* [Aim of the exercise]: Pictures should be left out when the listing below is repeated word for word.

* [Supplied information]:
■ ■ ■

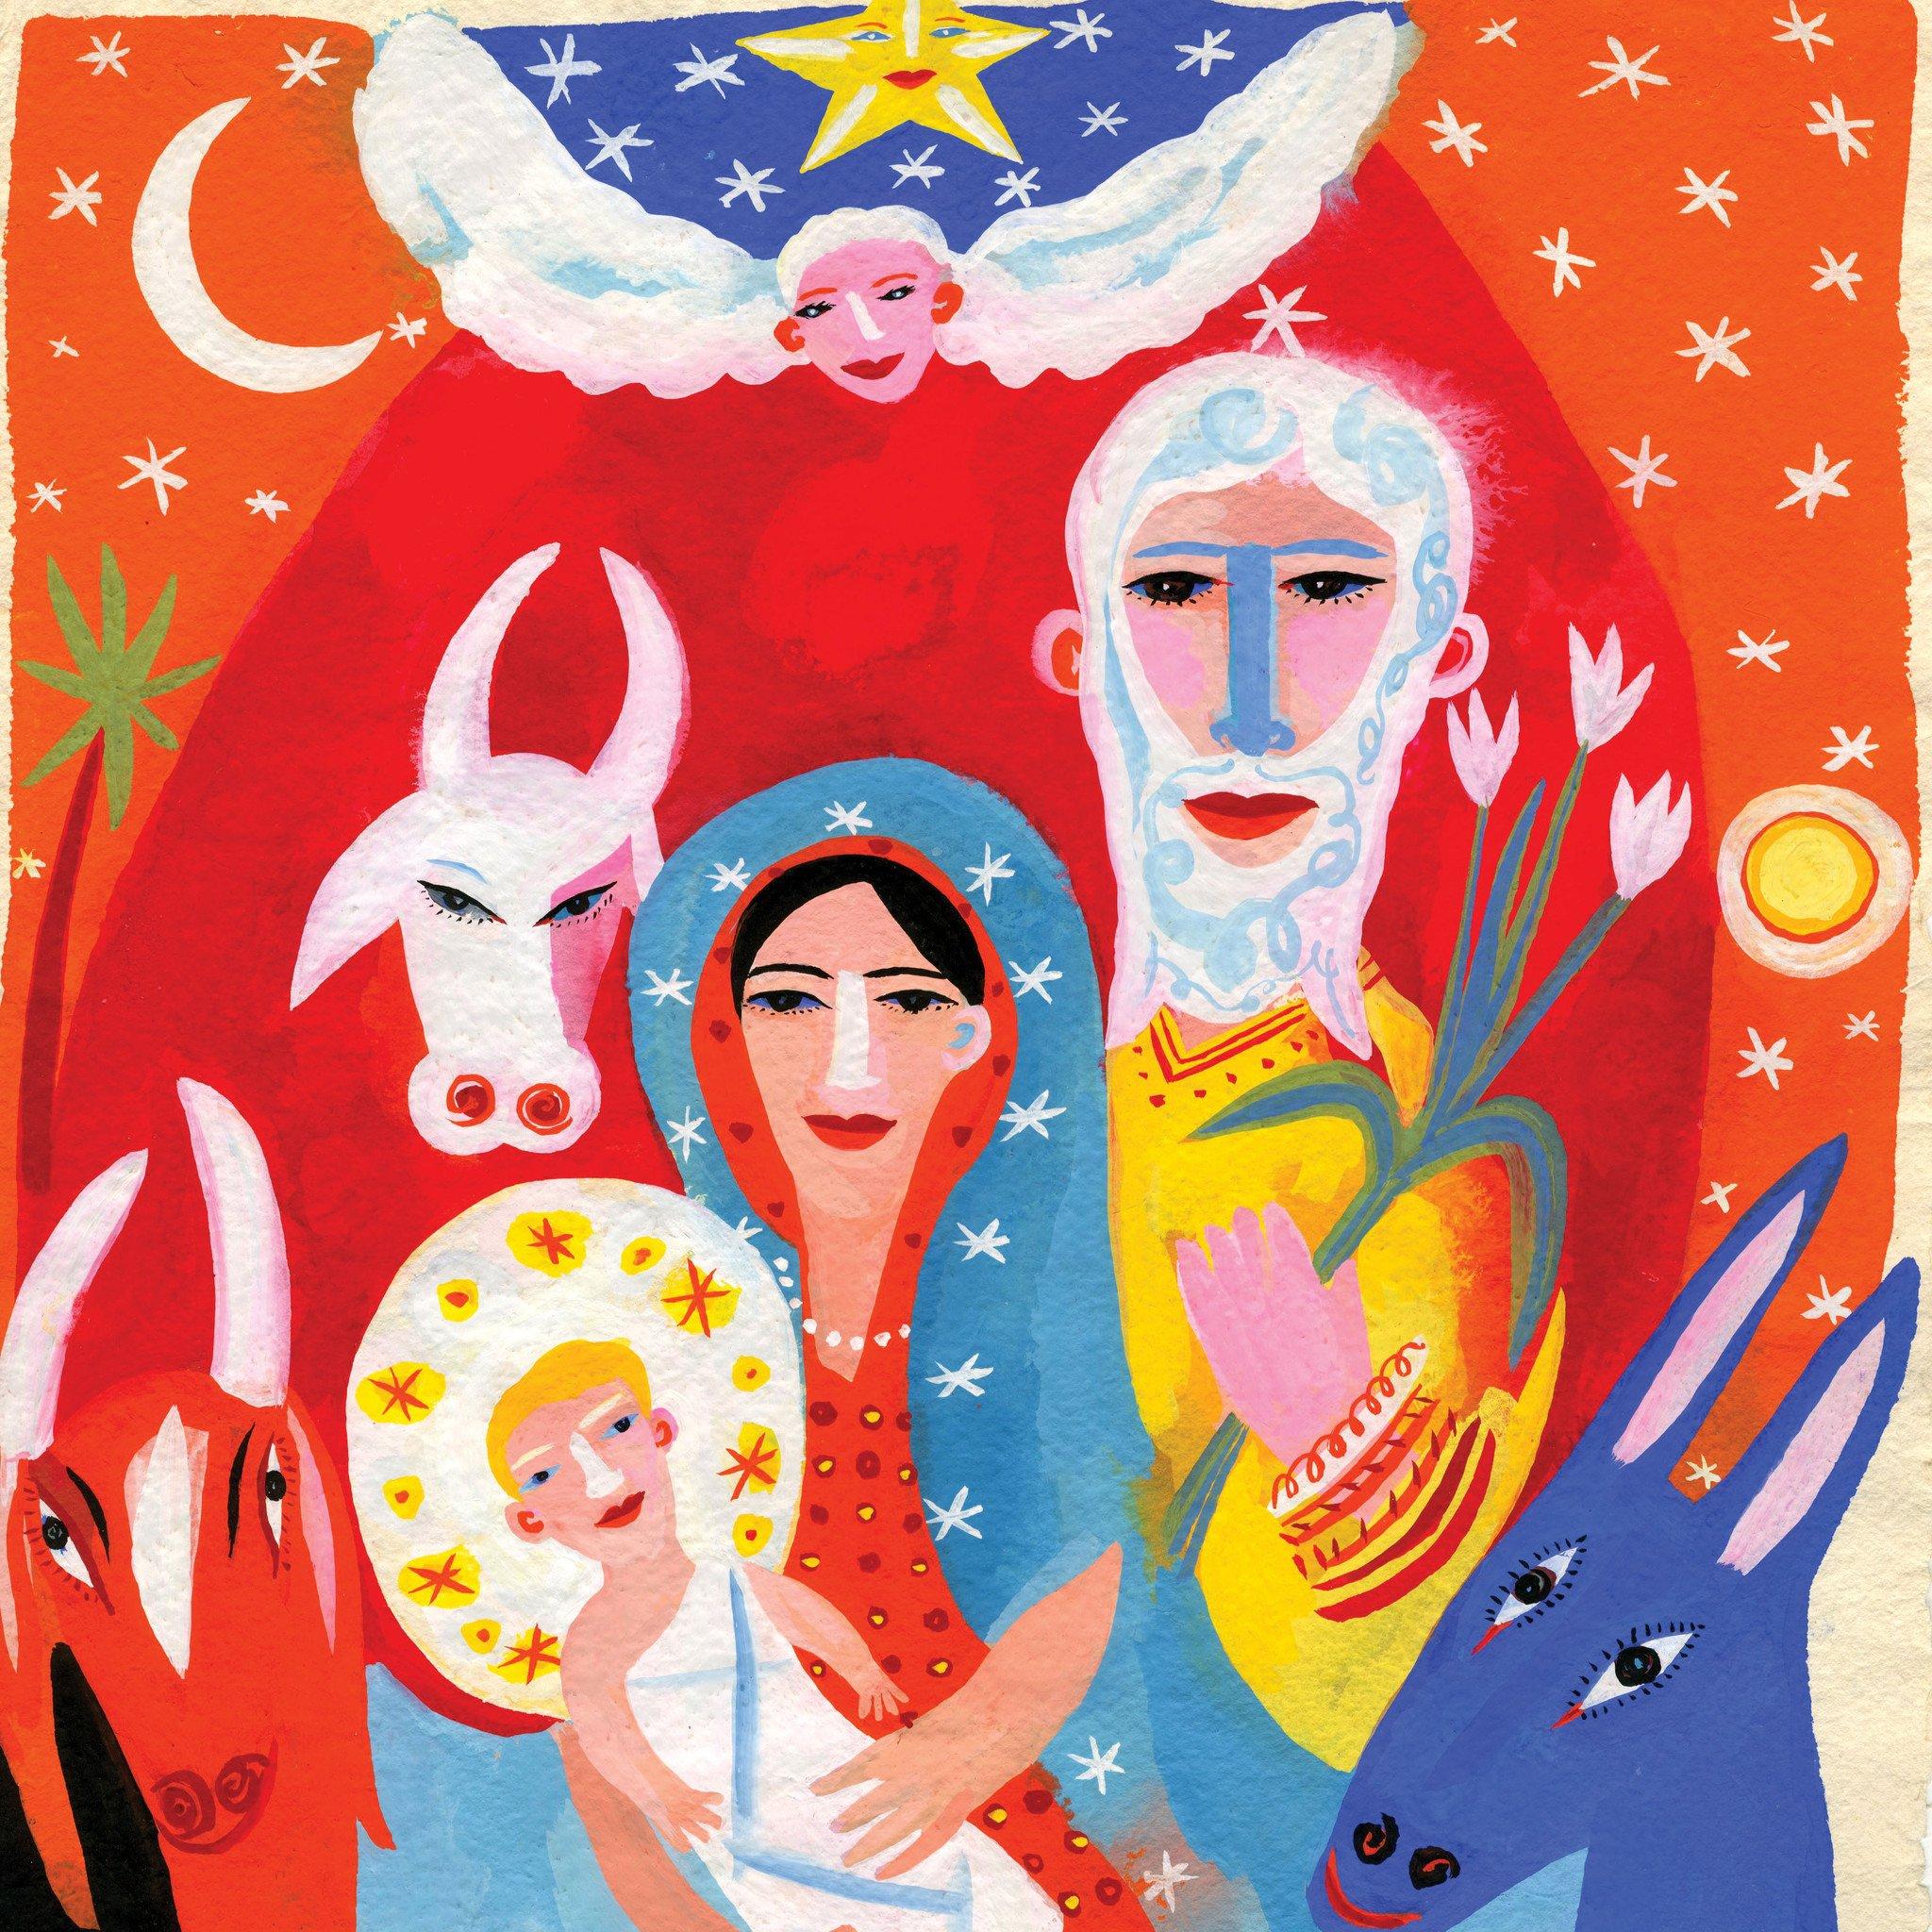 XCC_02_Nativity_Art_by_Christopher_Corr
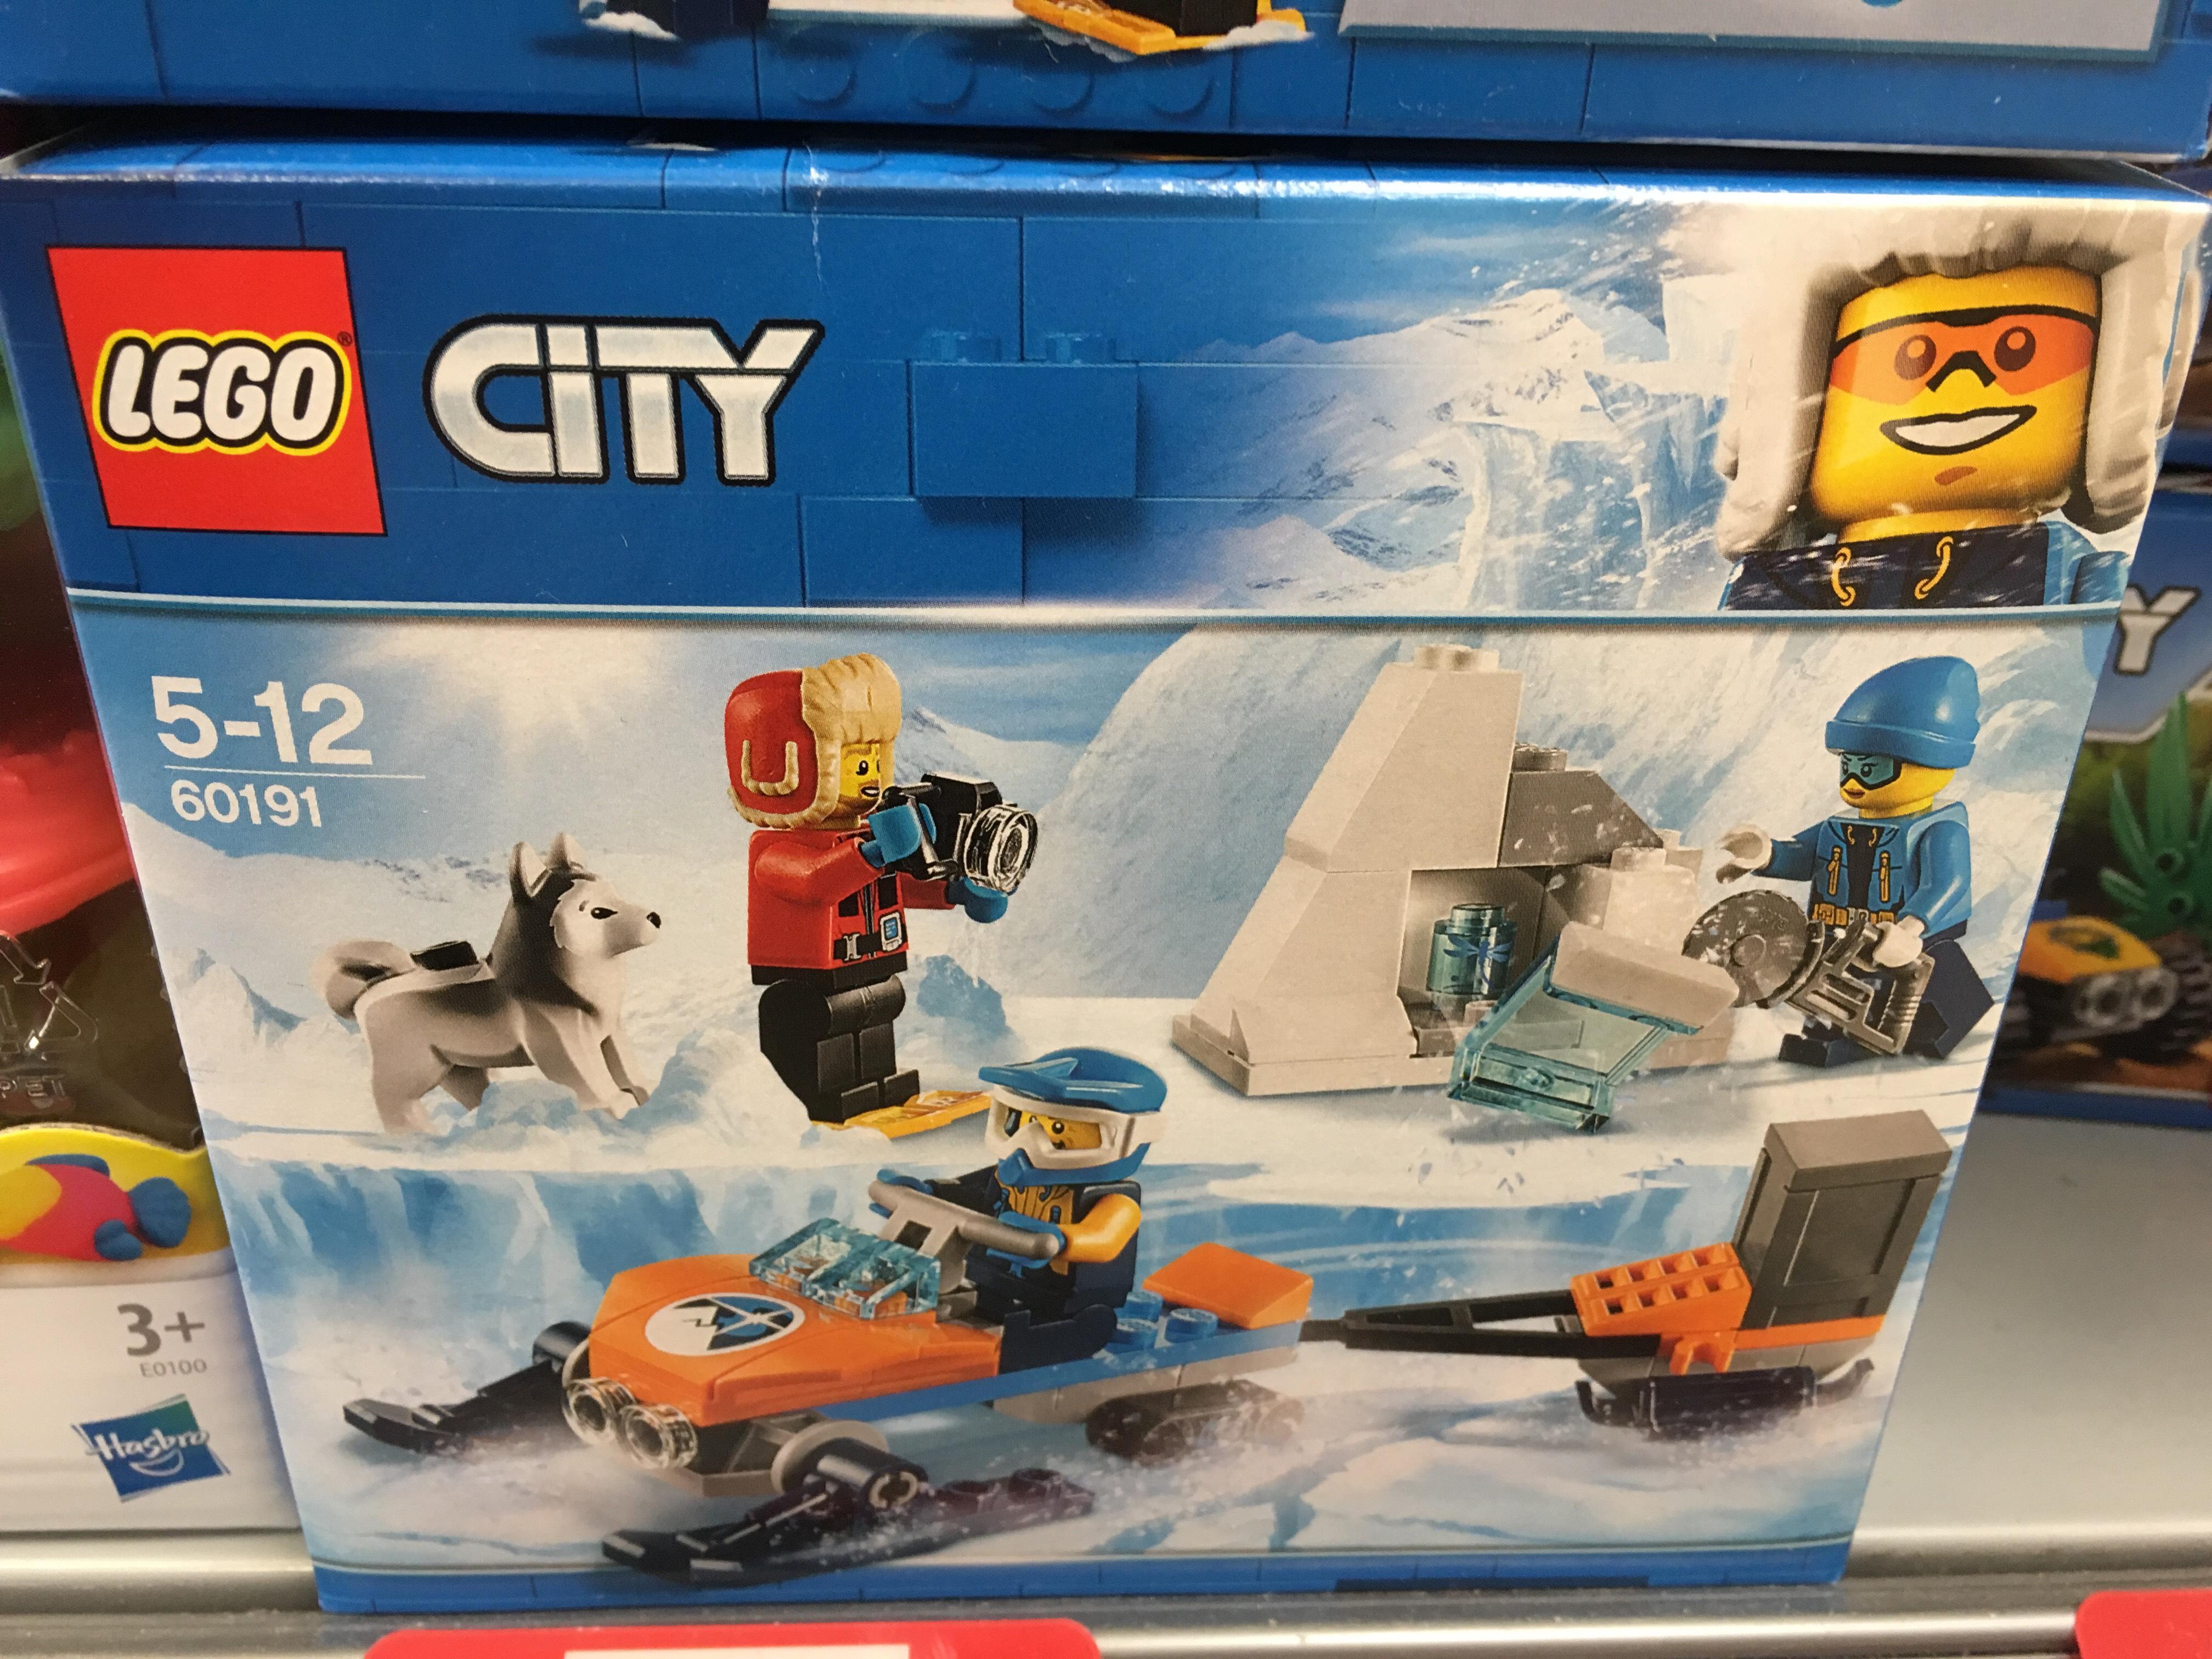 INSTORE @ COOP in NORTON - Lego 60191 City Arctic Expo Team £8
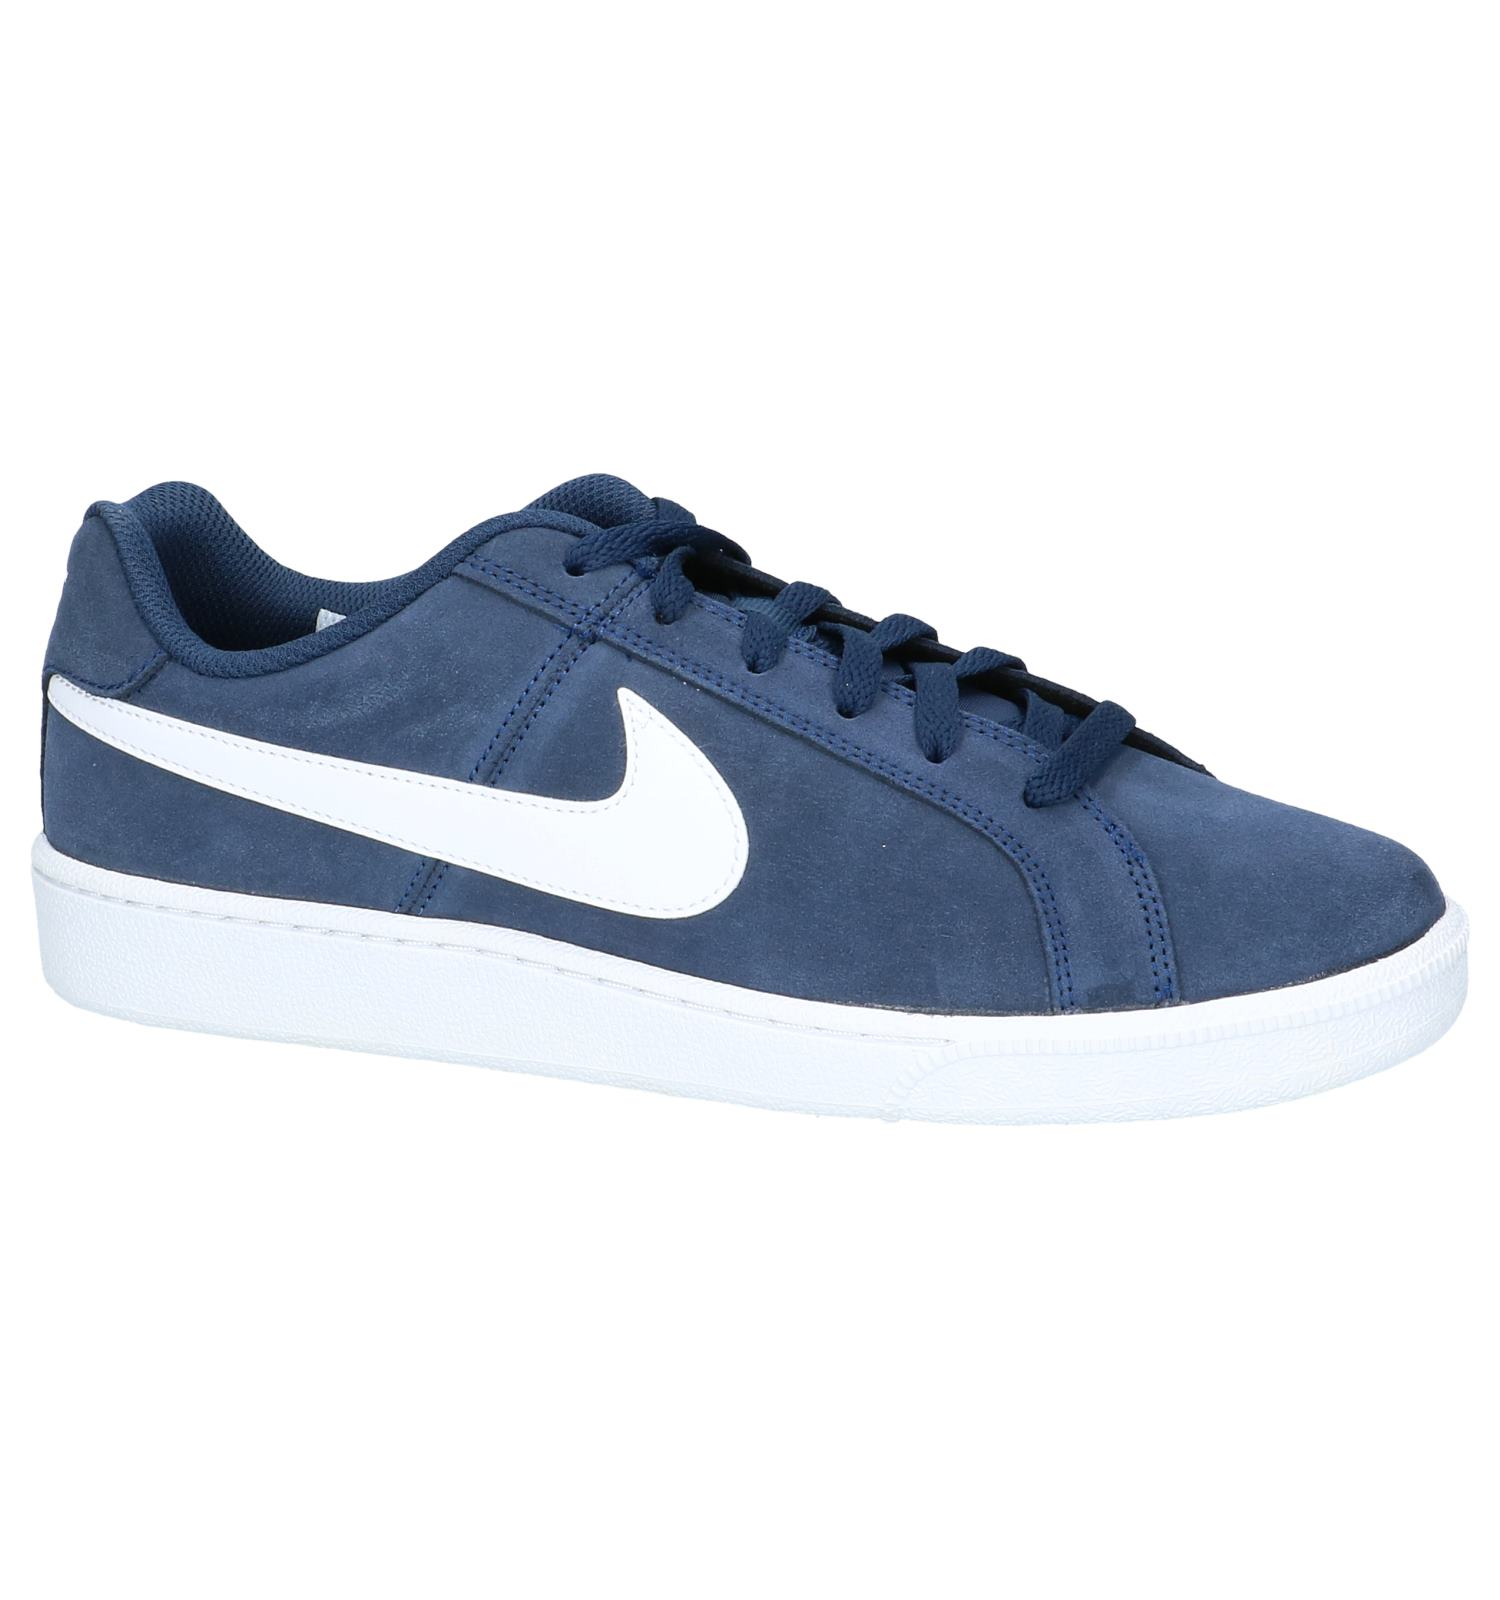 Sneakers Donker Blauwe Royale Gratis SuedeTorfs Nike be Court wk8OnX0P

■ ■ ■

* [Solution to the problem]:
 XCC_02_Nativity_Art_by_Christopher_Corr
 INSTORE @ COOP in NORTON - Lego 60191 City Arctic Expo Team £8
 Sneakers Donker Blauwe Royale Gratis SuedeTorfs Nike be Court wk8OnX0P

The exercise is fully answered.